'''

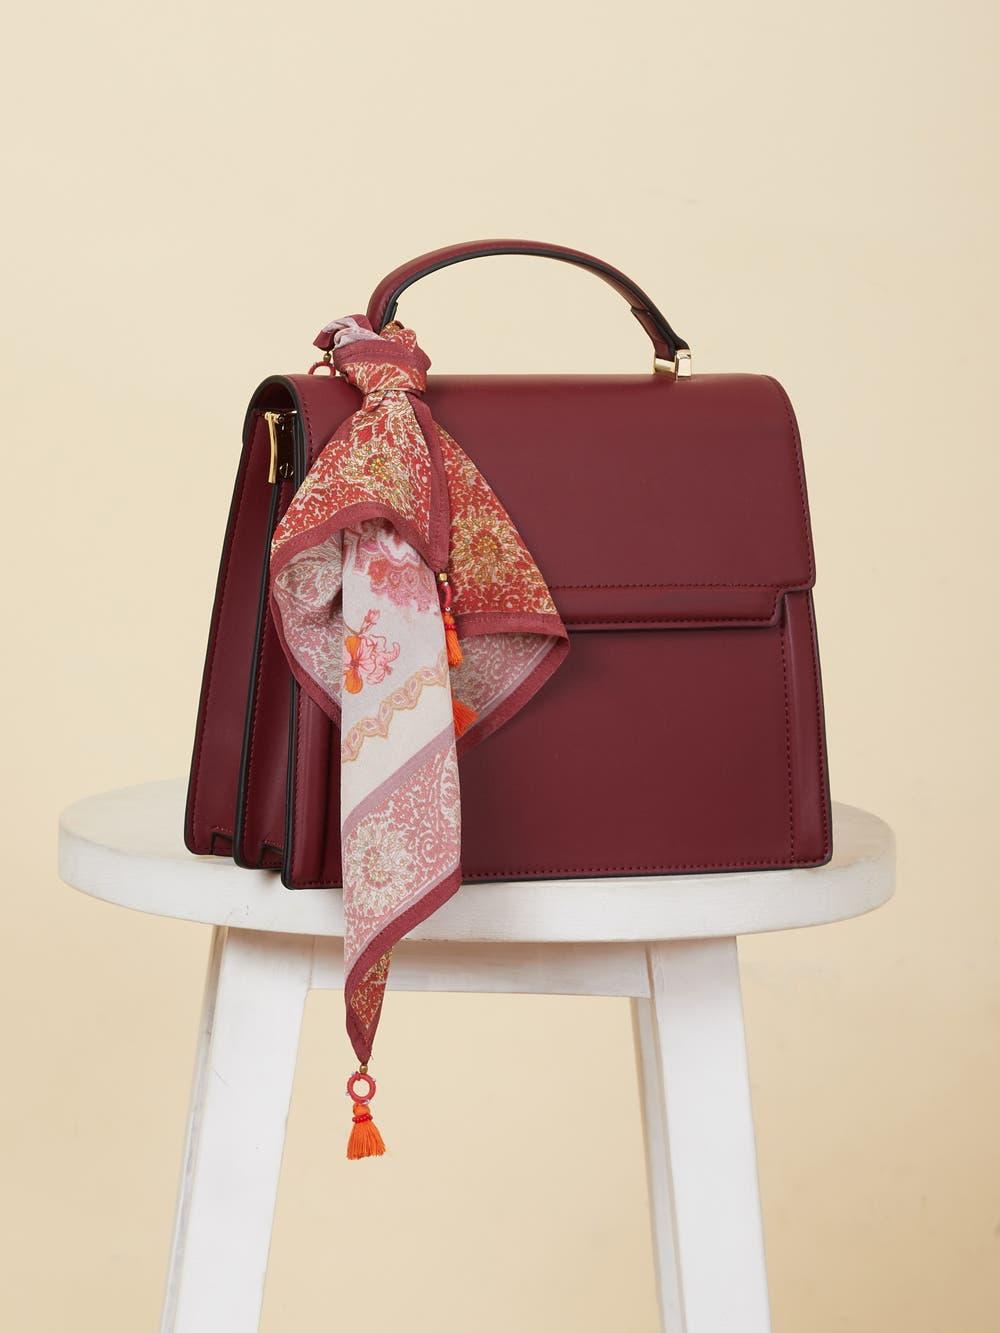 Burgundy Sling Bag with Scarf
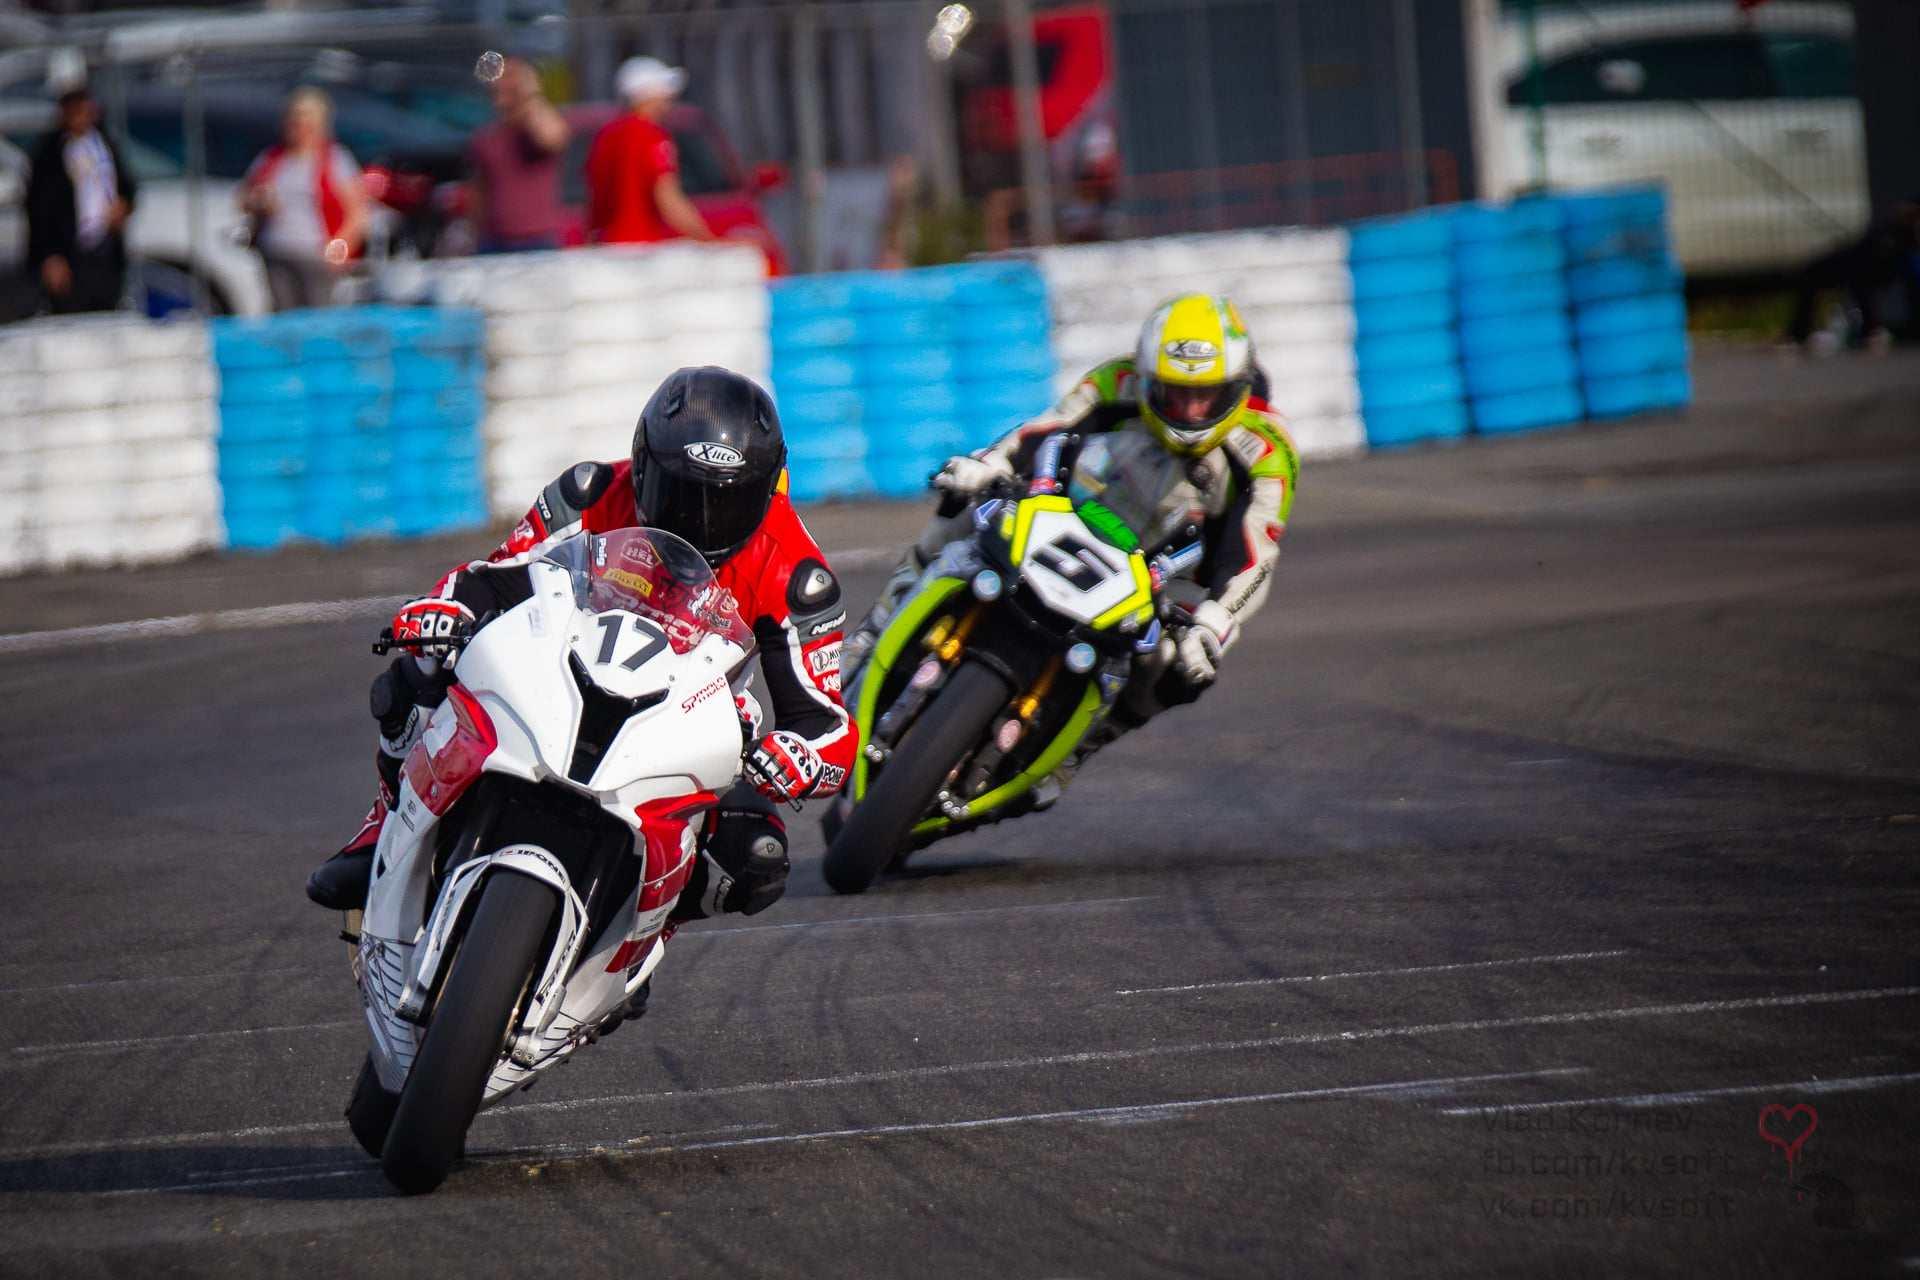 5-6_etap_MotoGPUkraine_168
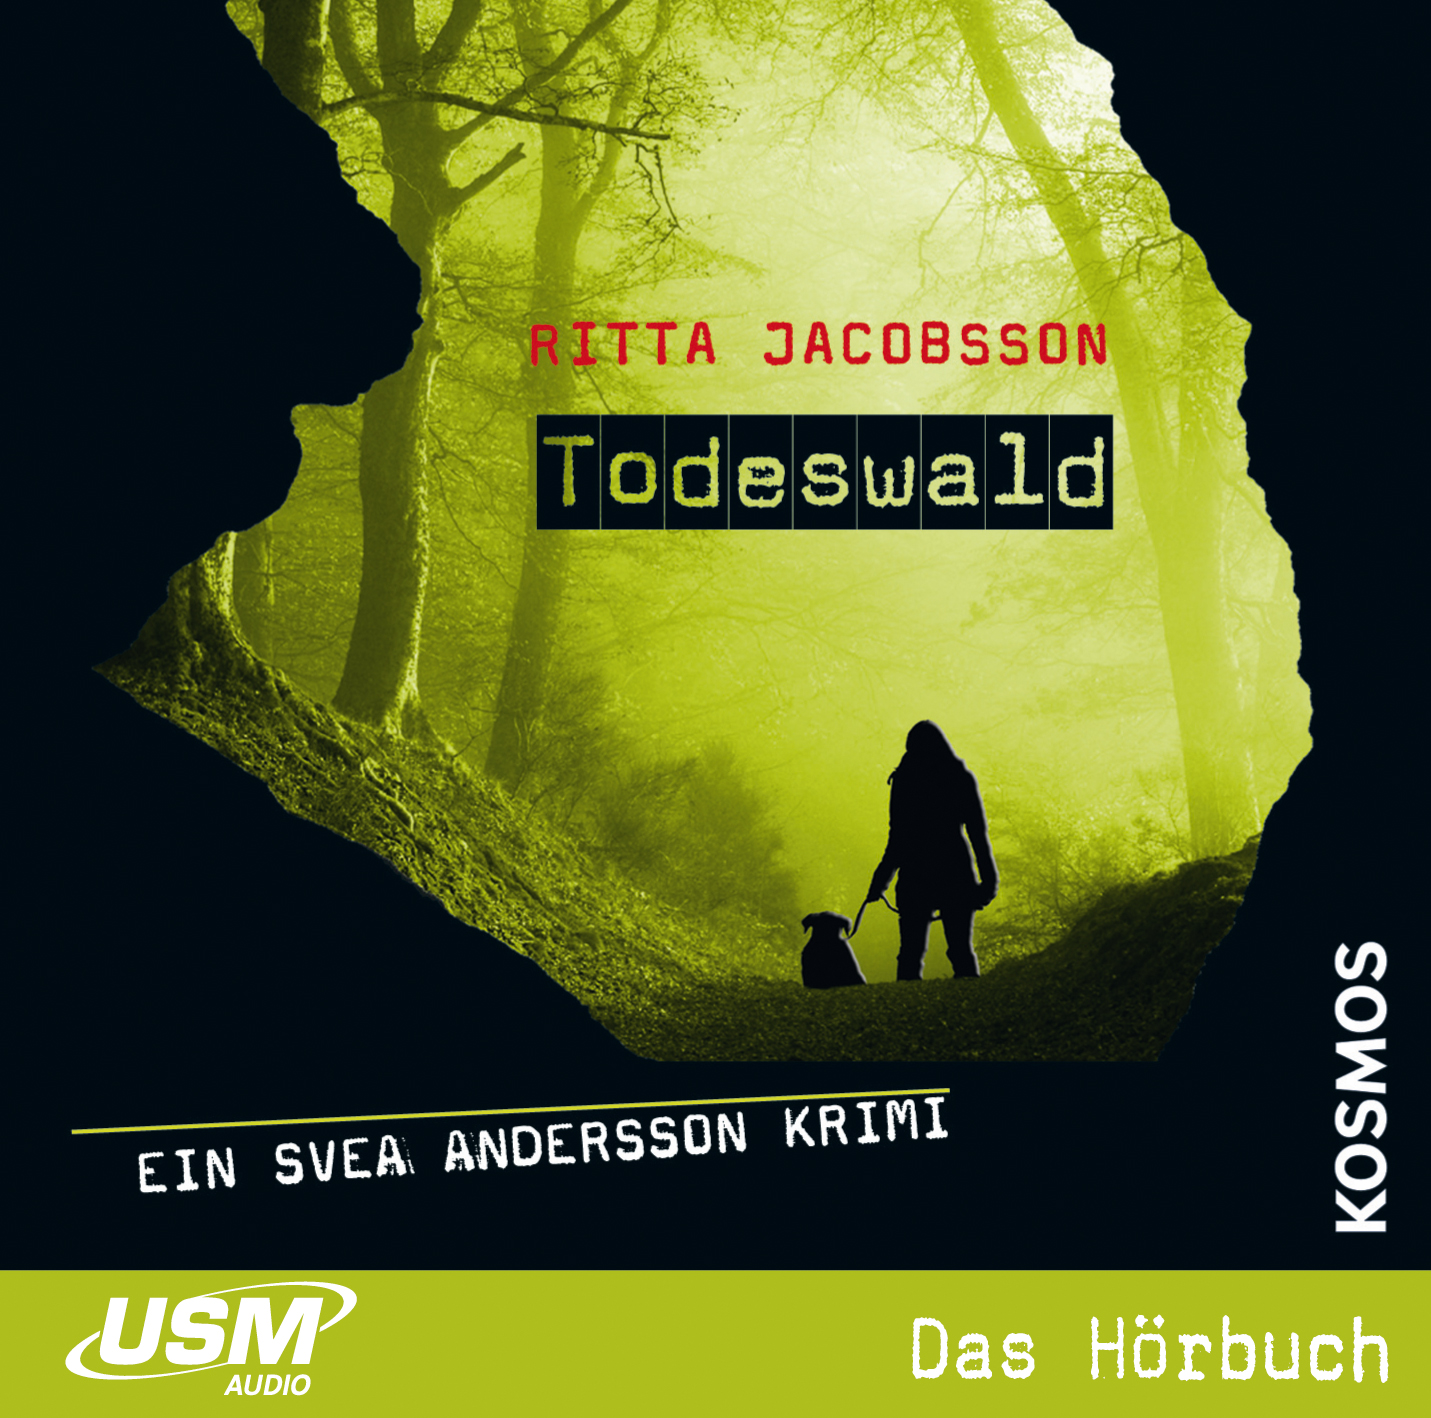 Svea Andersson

'''

» **Task to carry out**
Reproduce the material above verbatim; omit every picture.

» **Your solution**
 Burgundy Sling Bag with Scarf
 5-6_etap_MotoGPUkraine_168
 Svea Andersson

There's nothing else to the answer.